The first heart transplant was performed in 1967. Since then, it has remained the definitive treatment for patients with end-stage heart failure (HF). Patients with pre-existing heart conditions are more susceptible to SARS-CoV-2 infection and are at a higher risk of morbidity and mortality [1]. Therefore, it is not surprising that during the SARS-CoV-2 pandemic, there was an increasing number of patients with organ transplants who suffered from COVID-19 [2]. Since these patients received immunosuppression therapy, the course of the disease was more severe [3,4].

2. Case Presentation

The patient, a 28-year-old pregnant woman at the 34th week of gestation, was diagnosed with SARS-CoV-2 infection and had bilateral pneumonia. Ten days after recovery from the viral infection, the patient started to experience HF symptoms: shortness of breath; swelling in the legs, ankles, and feet; and heart palpitations. On clinical examination, the following data were determined: bilateral interstitial pneumonia and hydrothorax; sinus tachycardia and nonspecific T-wave; significant chamber dilation and signs of left ventricular (LV) hypertrophy; LV ejection fraction was 37% (Table 1).
At the 39th week of gestation, the healthy newborn was delivered via cesarean section.
In the post-partum period, the patient still had symptoms of HF: dyspnea upon exertion, edema of ankles and feet, a high level of N-terminal pro-B-type natriuretic peptide (NT-proBNP) at 3506 pg/mL, and a progressive decline in LV ejection fraction to 17%. Concomitant infection resulted in an aggravation of HF symptoms, e.g., recurrent atrial flutter.
Because of the end-stage HF, the patient was eventually transferred to an extracorporeal membrane oxygenation (ECMO) facility. To define the origin of HF, a right ventricular endomyocardial biopsy (EMB) was carried out.
Myocarditis, cardiomyopathy, ischaemic heart disease, arterial hypertension, heart defects, pulmonary embolism, and other causes were excluded as causes of heart failure.

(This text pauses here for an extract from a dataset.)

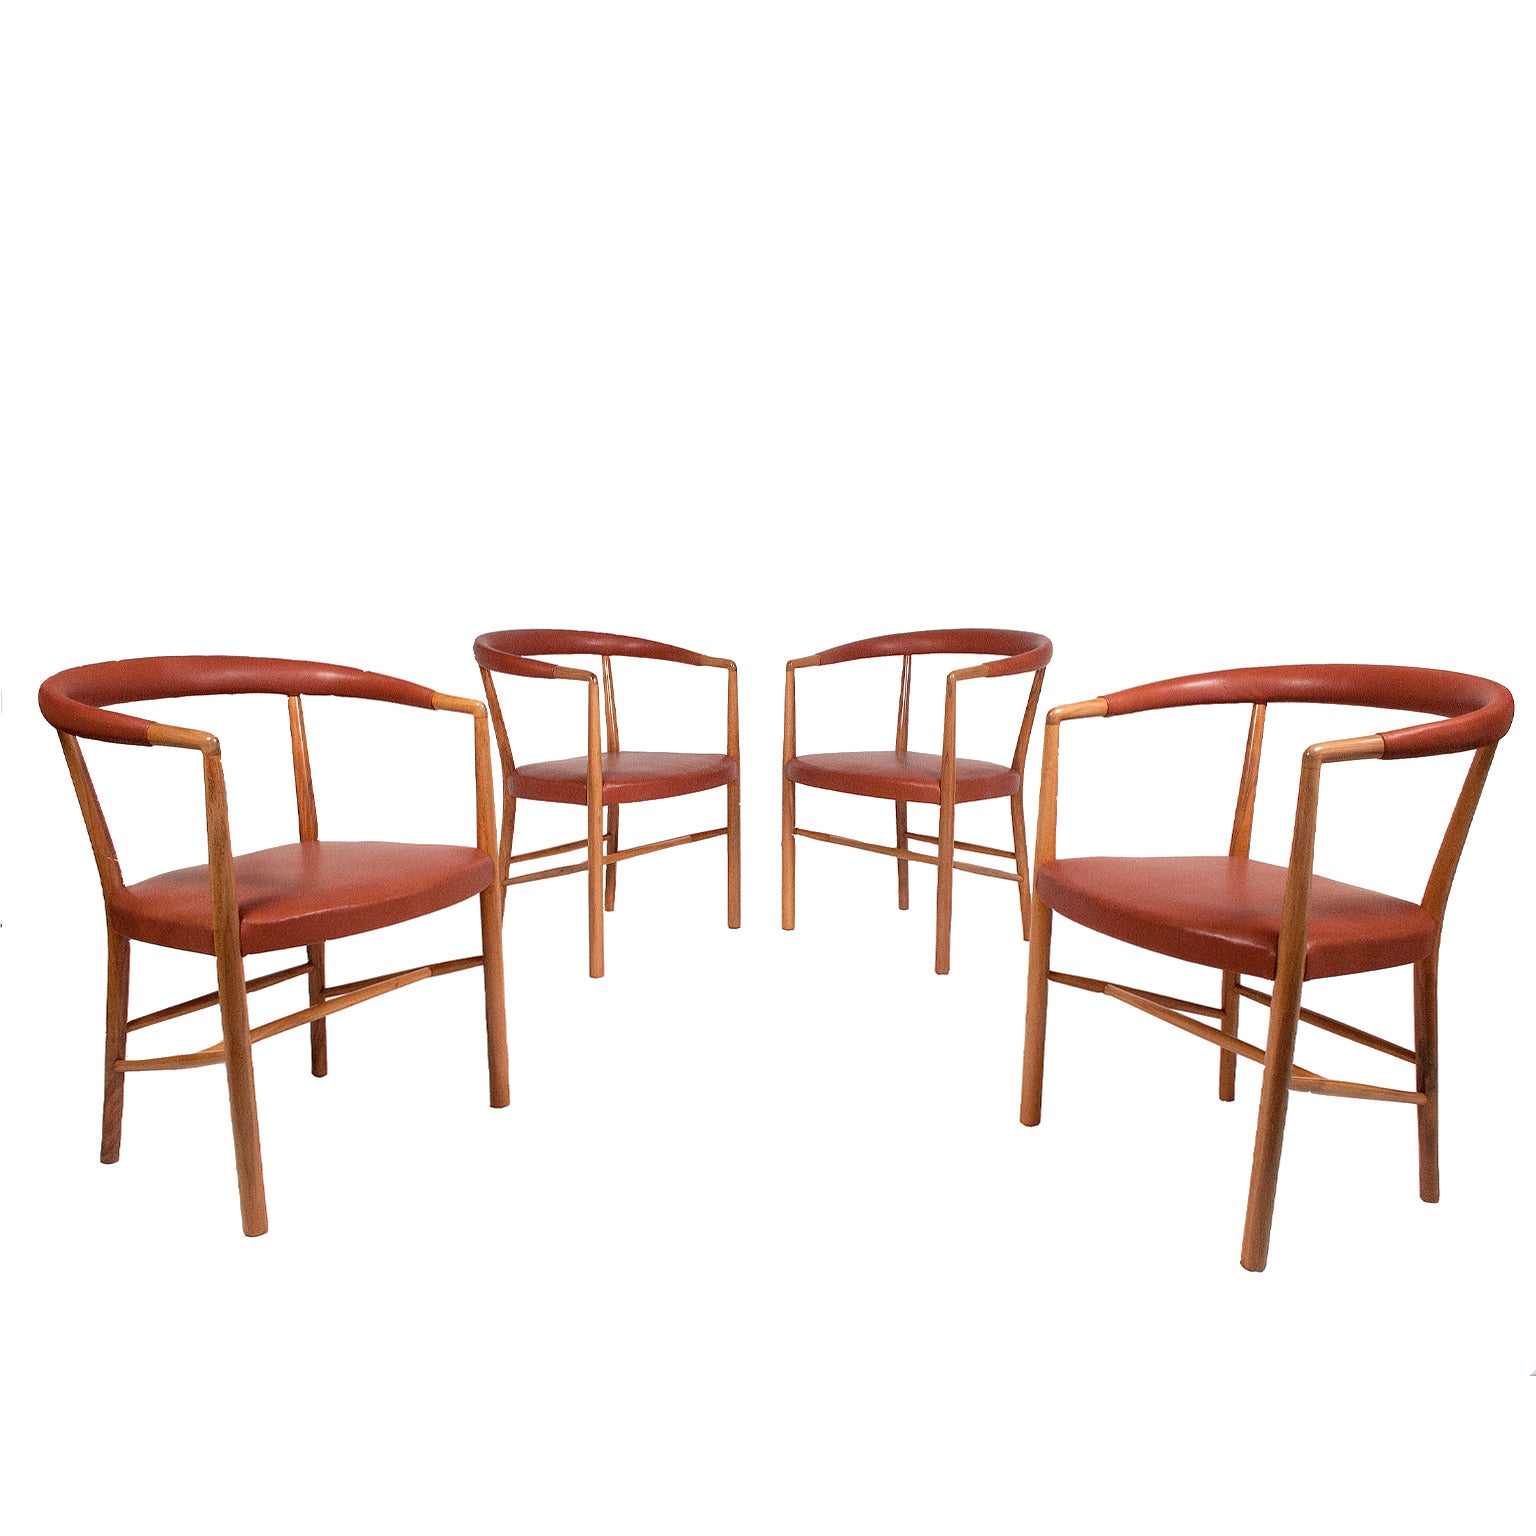 Jacob Kjaer Set of Four UN Chairs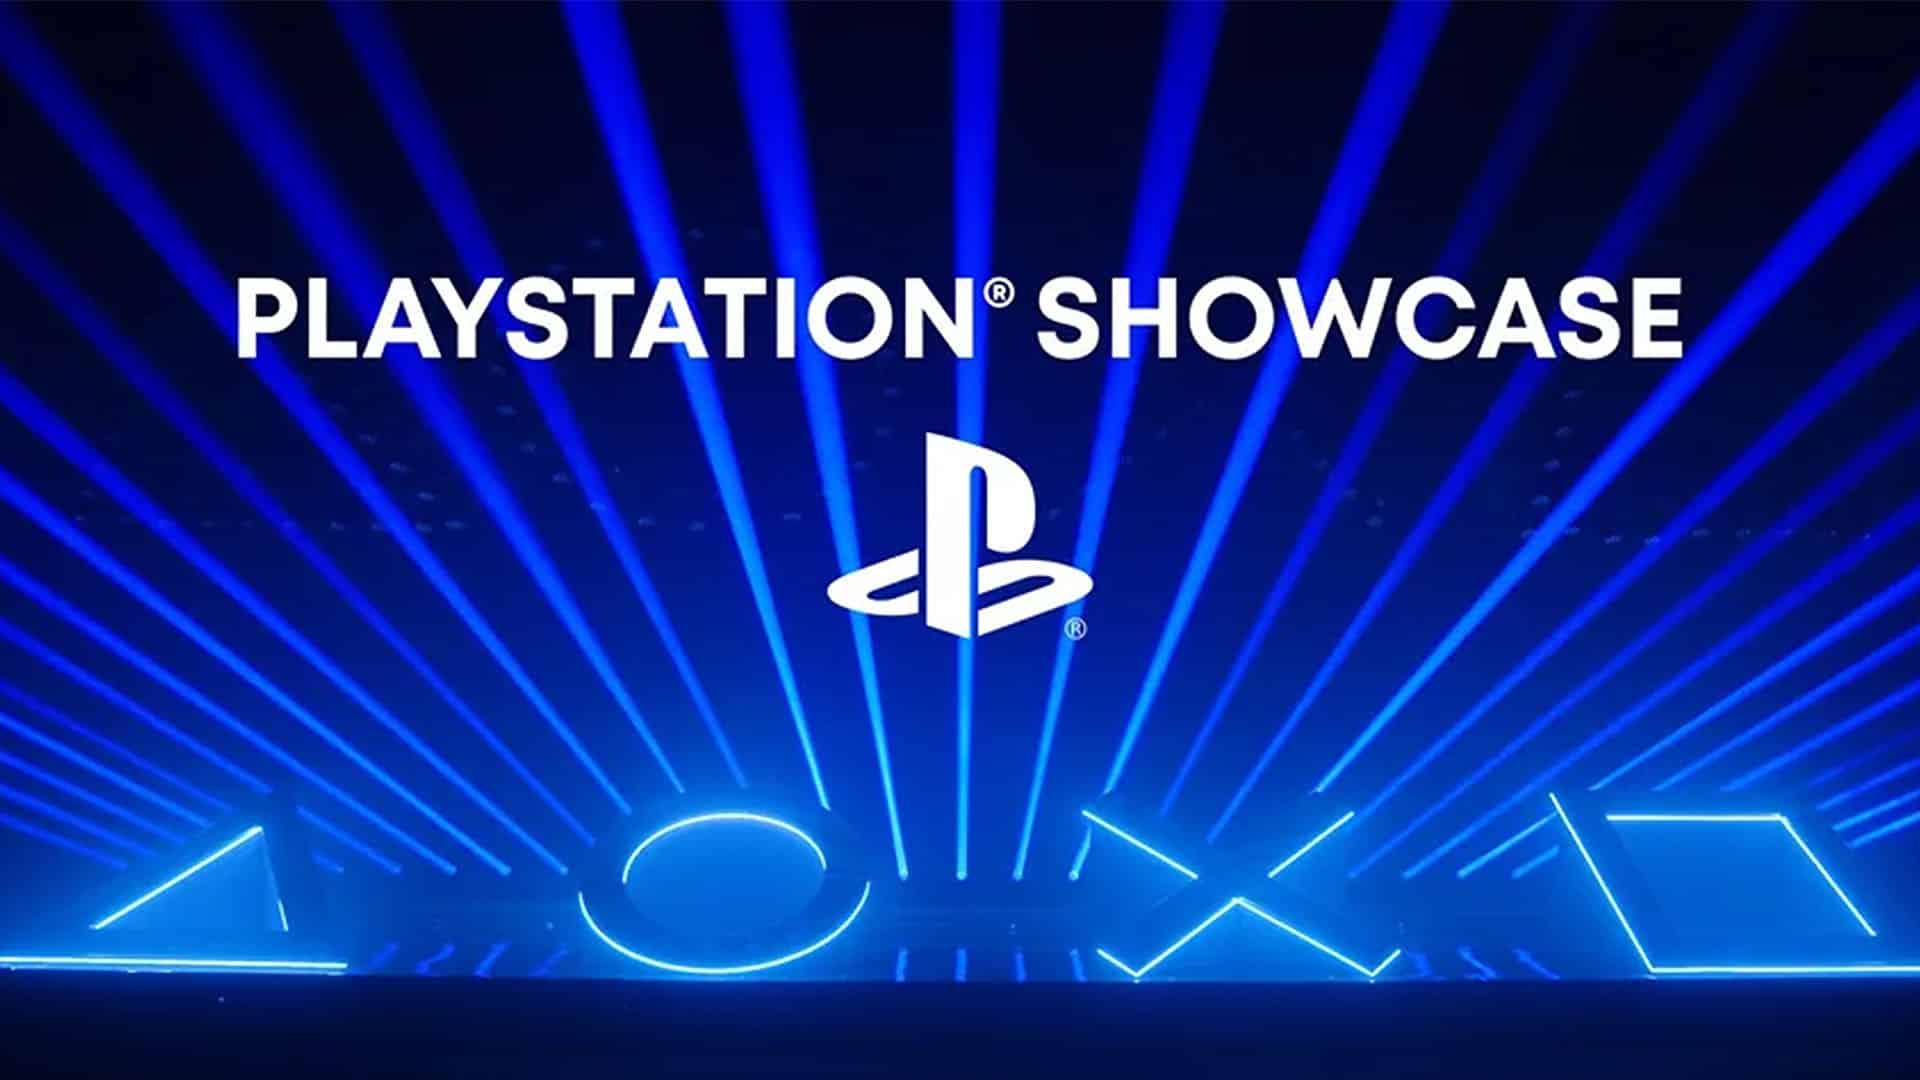 PlayStation-Showcase-Eines-der-meistgesehenen-Events-Zuschauerzahl-enth-llt

Upon histological examination of EMB samples, moderate myocyte degeneration was observed. Immunohistochemical studies identified the following cell types: CD3+ activated T lymphocytes (5 per 1 mm2), CD68+ macrophages (16 per 1 mm2), enterovirus-VP1-positive cardiomyocytes (5–20%), and HHV-6-positive lymphocytes. The cytomegalovirus antigen was not detected. Endothelial activation was confirmed by the expression of VWF, VEGF, and C1q, but HLA-DR was negative. Thus, we concluded the absence of myocarditis signs in EMB specimens.

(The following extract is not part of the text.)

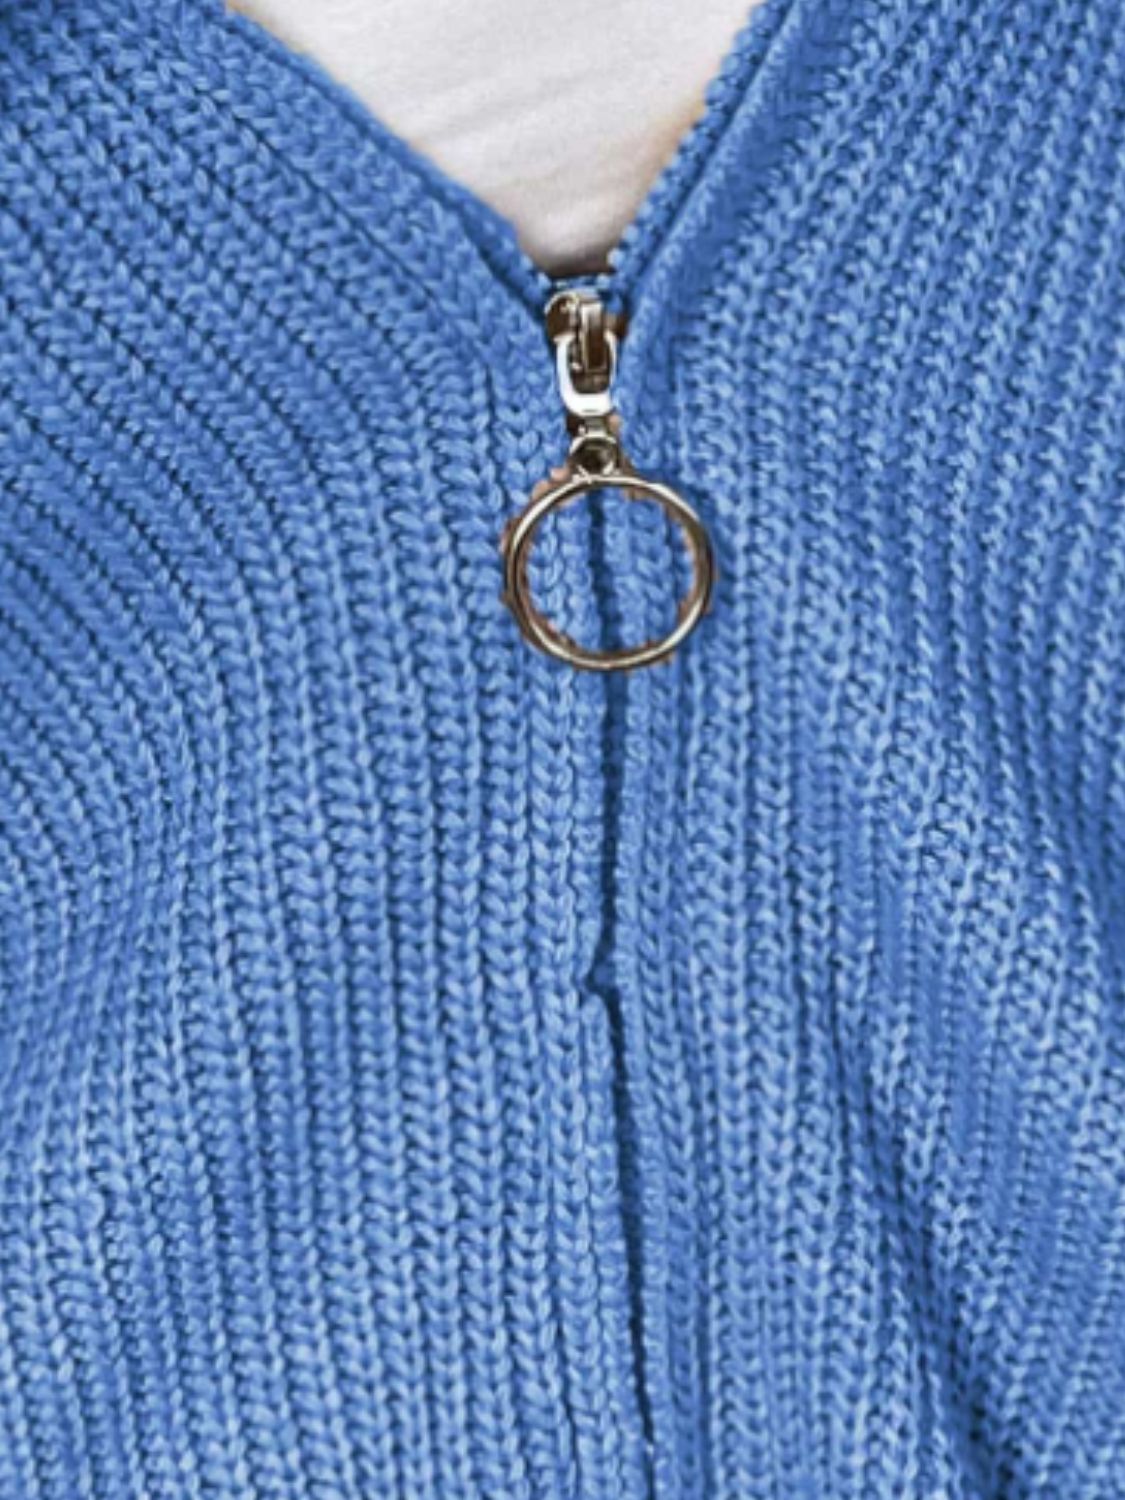 4 Zip Up Hoodie Cardigan Sweaters

Orthotopic heart transplantation (HTX) was carried out after 18 days of ECMO therapy. For HTX, we used the bicaval technique under extracorporeal circulation, and myocardial protection was provided with Custodiol cardioplegia. According to our local protocol, all donors and recipients were examined to rule out COVID-19 before the HTX: a swab PCR test and thoracic CT scan were performed in both of them prior to surgery. During the surgery, a polypoid white formation of size 2 × 0.7 cm was found in the donor’s atrium. It was removed together with a 0.4 × 0.3 cm fragment of the myocardium. After histological examination, this case was diagnosed with polypoid fibrolipoma (Figure 1A,B).
The explanted heart from the recipient was globular, weighed 387 g, and had a size of 11.0 × 11.0 × 6.0 cm. Coronary arteries were free of stenosis. As seen in the figure (Figure 2A), the ventricular cavities were affected by excessive trabeculation, and mural thrombi were prominent in the intertrabecular spaces. The thickness of the apical and mid-ventricular regions of the posterior and lateral walls of LV was 0.6 cm. The thickness of the trabeculated myocardium was 1.6 cm. In the cross-section, the myocardium was homogeneous and was brown in color.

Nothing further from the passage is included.